By |2022-03-31T20:08:29+00:0012 May 2013|Categories: Child Custody, Divorce, Family Law|

Making joint child custody work for infants and divorced parents

Divorced parents often agree that sharing responsibilities for raising children with an ex-spouse can be a lot of work. Co-parenting and scheduling time with the children and compromising is difficult. Such challenges are made worse when infants are involved in a joint custody agreement.

In Orange County, California, parents have become accustomed to a more gender-neutral style of parenting. However, when the child is still an infant, it can be difficult. Raising an infant requires both parents to ensure that things work out collectively. Co-parenting may be tough, but if parents are willing to set aside their personal feelings and cooperate, it is possible to be dependable, loving parents.
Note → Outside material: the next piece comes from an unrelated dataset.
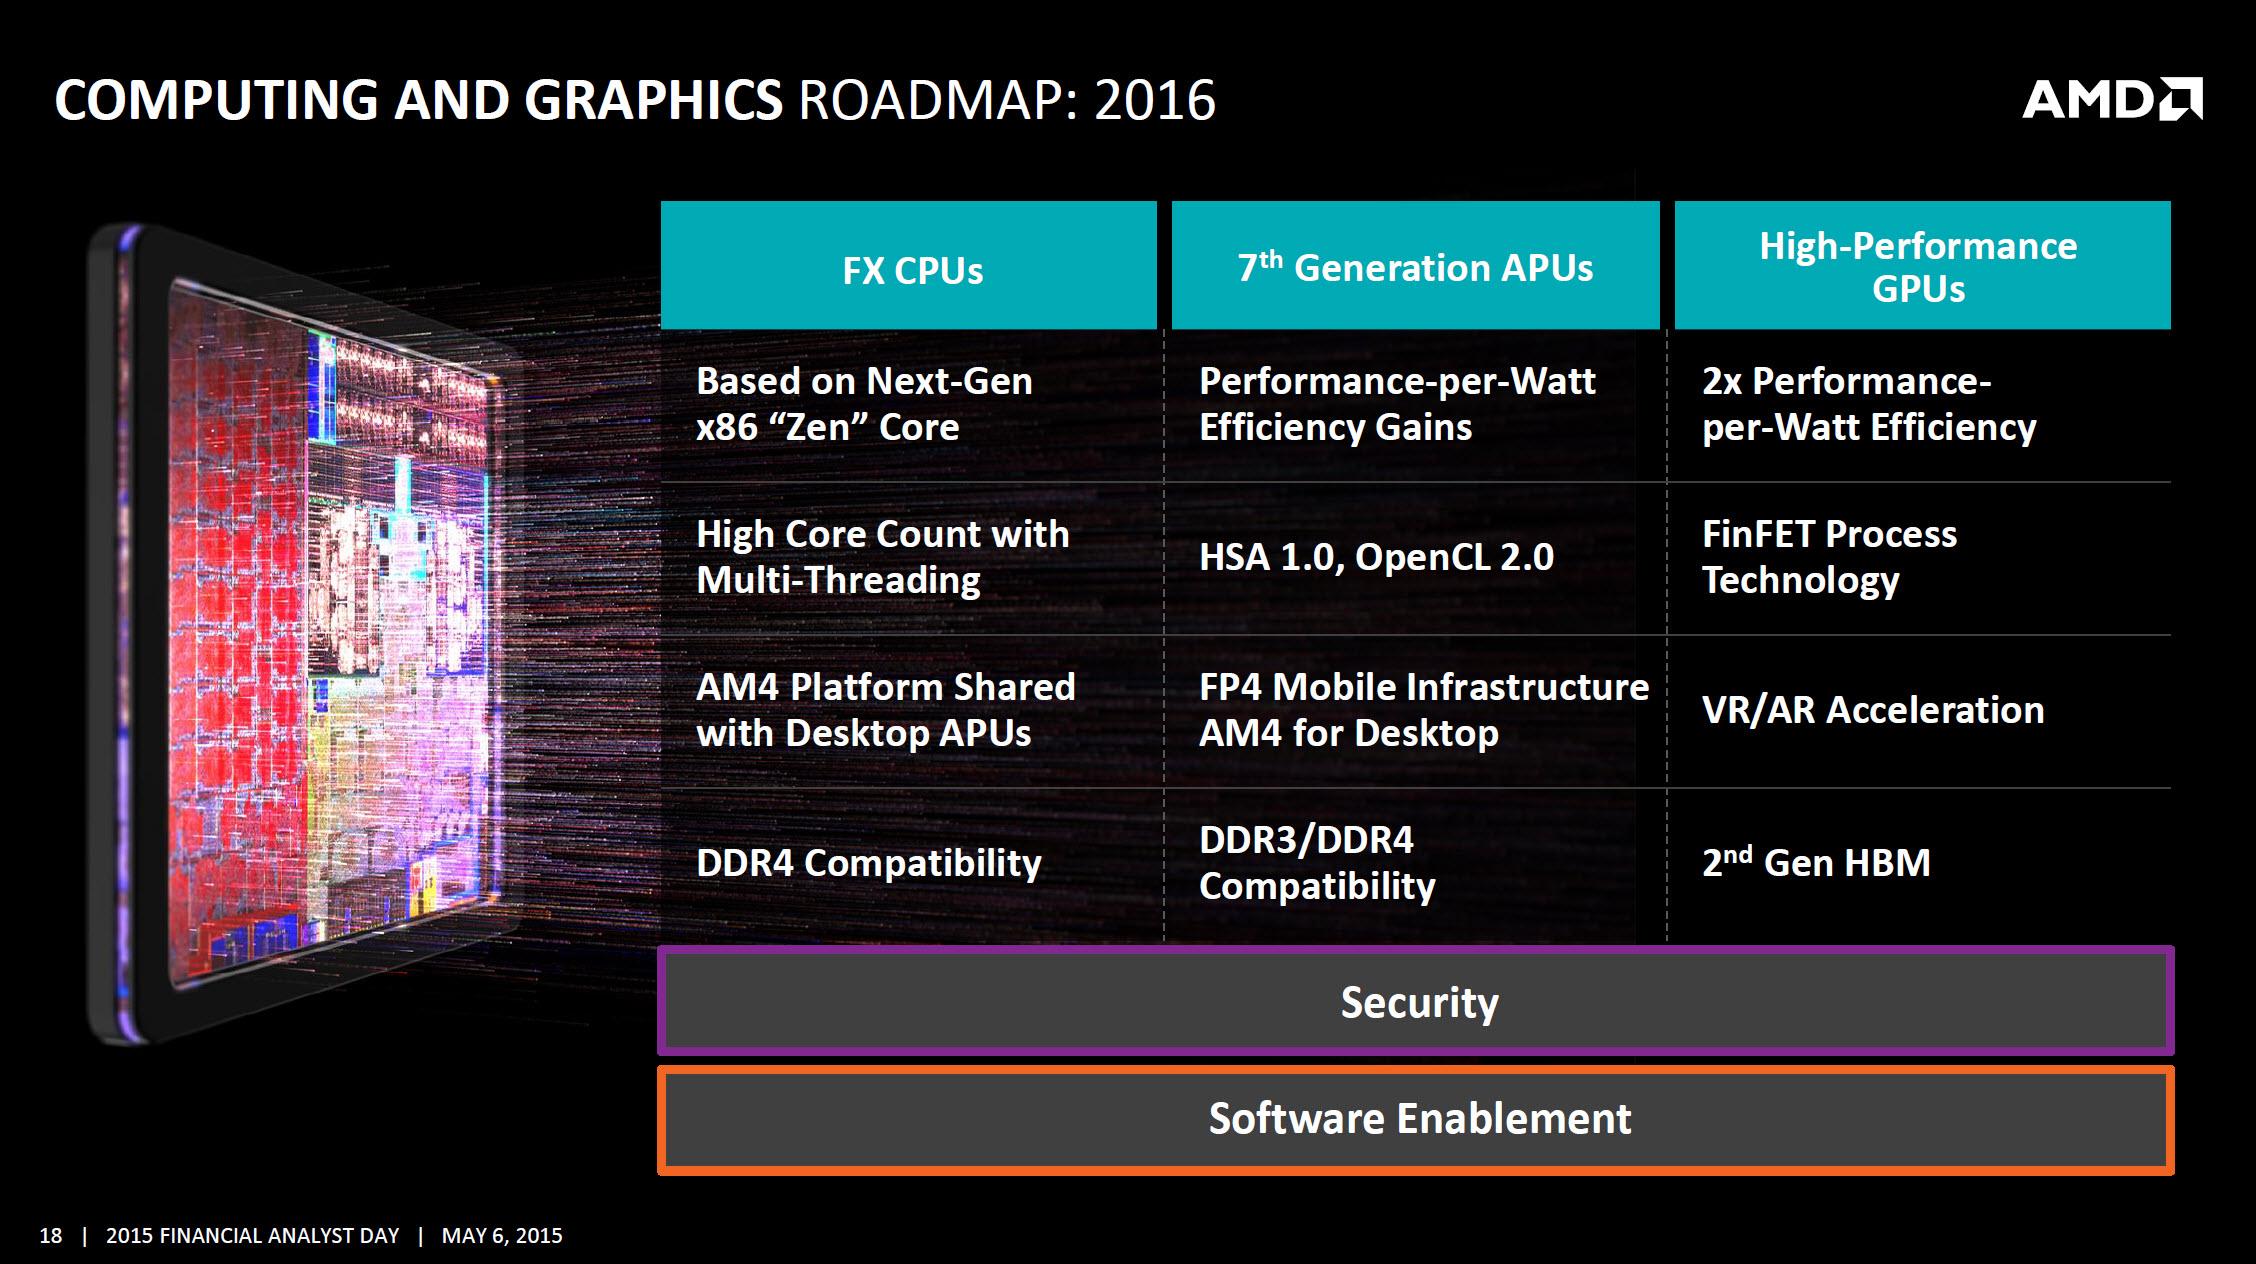 Amd Confirms X86 Zen Based Enthusiast Fx Cpus And 7th Generation Vga Card Buldozer Ddr3 Computing Roadmap 2016 Apus Gpus

A recent article discusses these challenges and provides good tips that may help parents avoid an unpleasant child custody battle involving an infant, recently referred to as a “diaper war.” Custody battles may lead to more animosity between the parents, causing unintentional emotional damage to the child.

Parents need to avoid stress, especially in front of the children. Stress can easily affect the infant, who in turn can suffer from those same stresses. Parents who have a positive outlook will positively affect the child.

The situation requires patience. For example, a father needs to be understanding while the child is still breastfeeding. Very rarely do mothers intentionally prolong breastfeeding beyond a reasonable amount of time.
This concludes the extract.